There is humor in the situations caused by Roman Catholic censorship. On one occasion Frank is evicted from the public library for reading a book about sex left on the table. The irony here is he really wanted to read Butlers Life of the Saints but was enticed by a book that shocked the librarian.
From an early age Frank promised to support his family. To do this he dreamed of returning to America. During the novel there was discussion between Frank and his father about the difference in economies of the two countries when his father discussed this over the paper he encouraged him to get a good job in the land of opportunity. These discussions were placed in the context of the English oppression of Ireland.
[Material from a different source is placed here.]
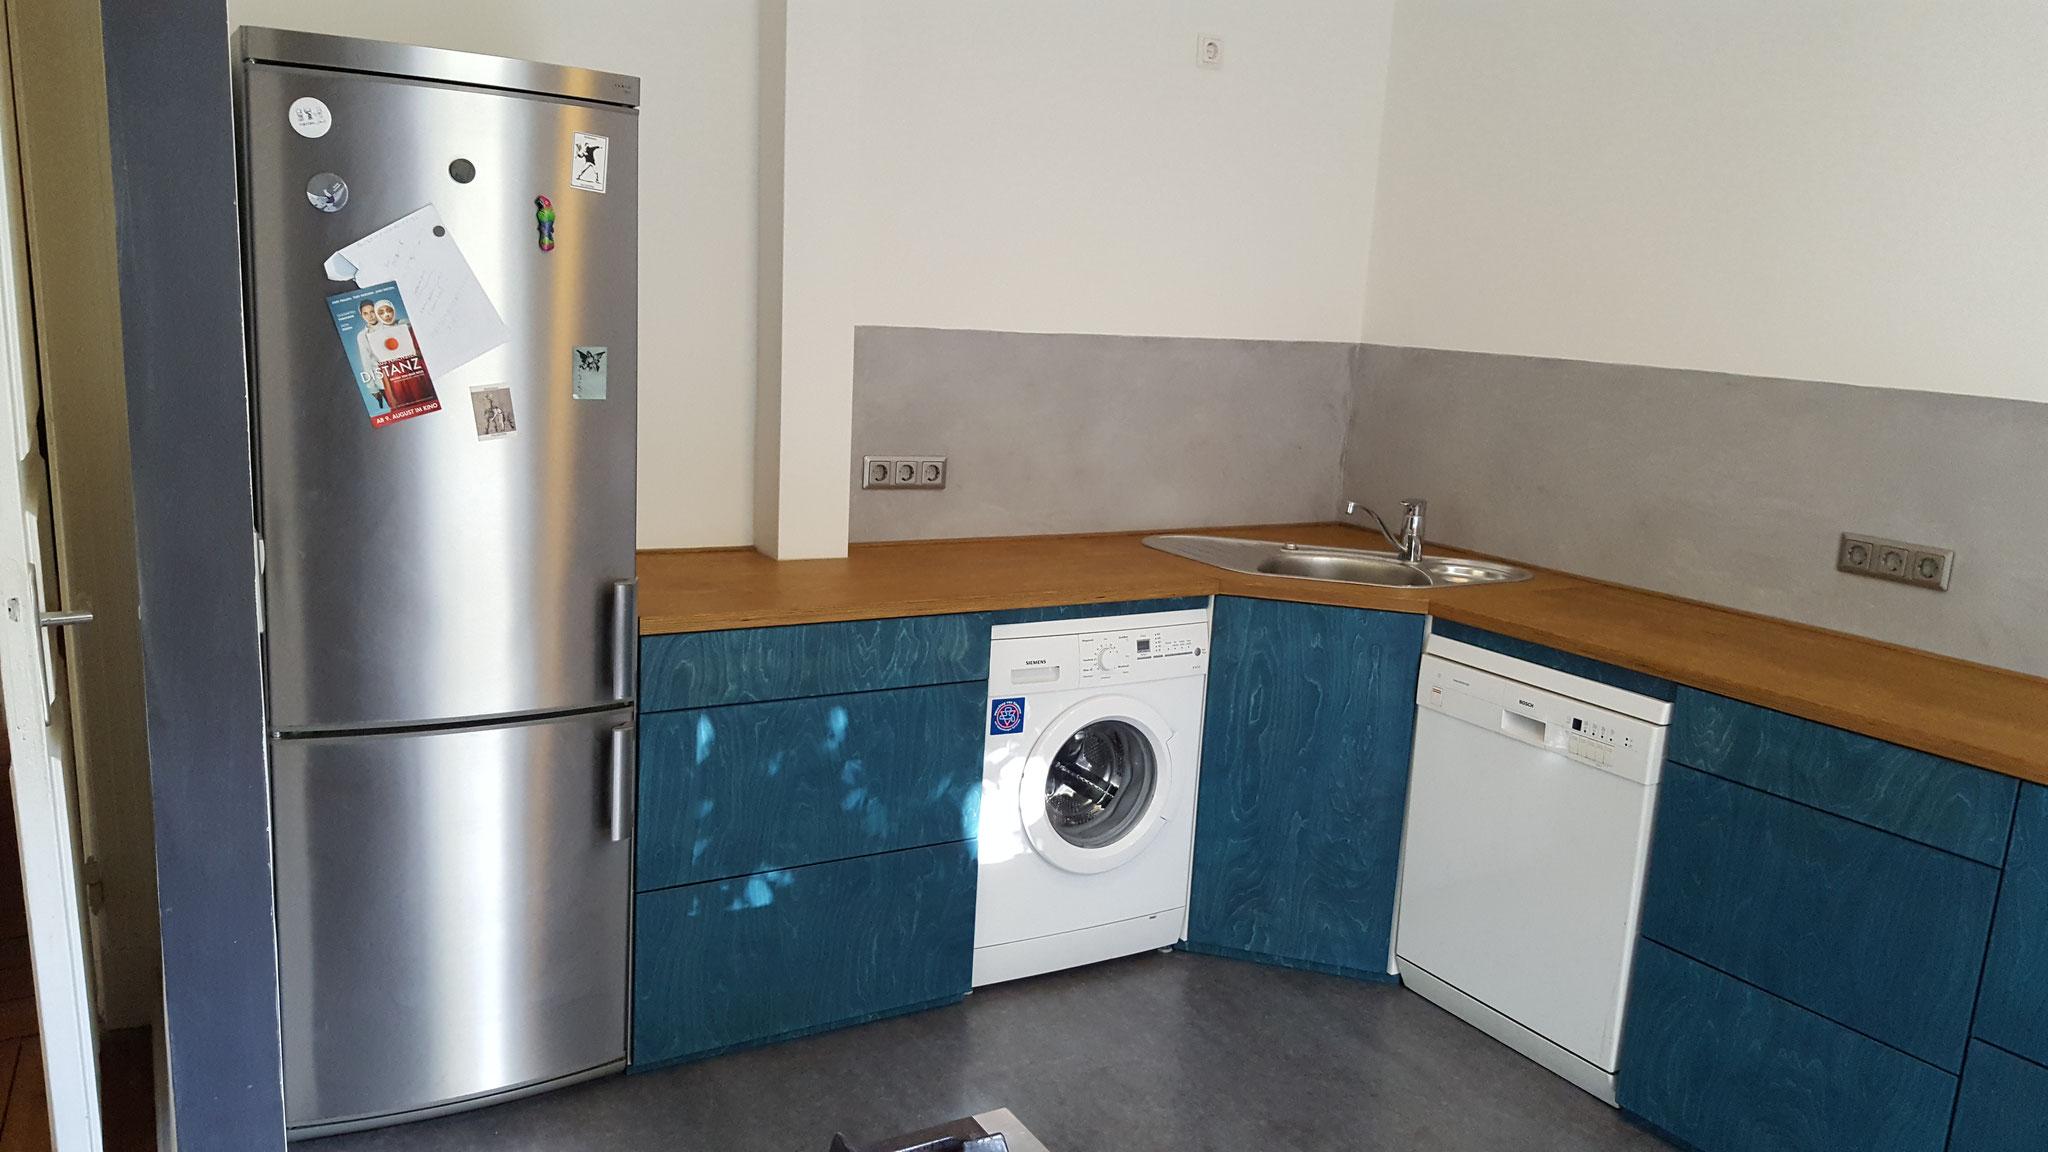 große Küche , Arbeitsplatte Eiche Multiplex, Dark Oak geölt, Fronten grün blau geölt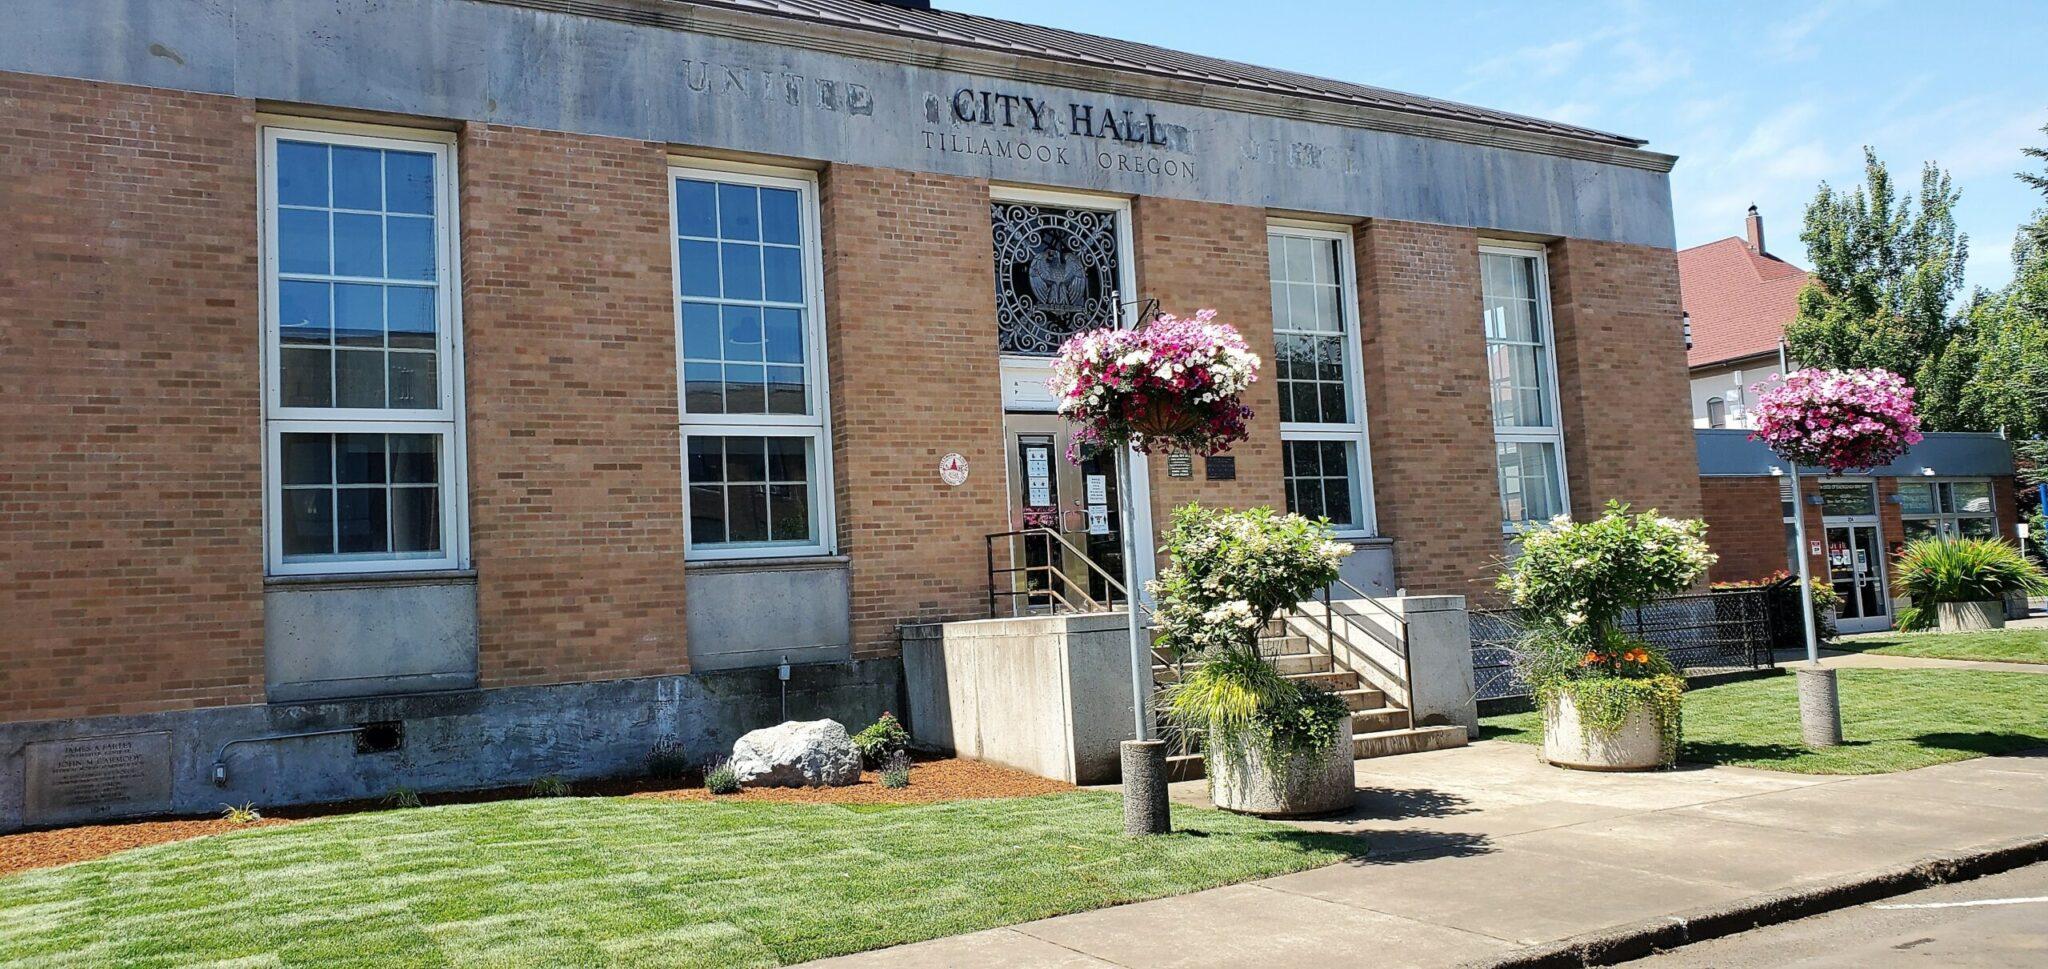 City Hall Tillamook City scaled pTFng5.tmp

It is the symbols associated with New York that really sustained Franks dream over the years. The images of the Statue of Liberty and Ellis Island which he kept as he left New York as a small boy were so clear that he recognized them on his trip back.
McCourt’s hope of a better future was shared by his father, brother Malachy and hisUncle Pa Sheehan. However, it was Frank that had the determination to work at any job available and to save money even id his family starved, in order to make the dream real. There is no magic in Angela’s Ashes. Poverty and despair are cured by both hard work and breaking the law. Not everything that Frank did to save his fare was honorable, but his choices were made with long term goals in mind.
Angela’s Ashes depicts unrelenting poverty and the terrible consequences for individuals living in dirtiness. However, Frank McCourt shows that there is always humor in life, no matter how desperate the situation is. Combined with this is the hope that sustained McCourt and drove him to seek a better life in the USA.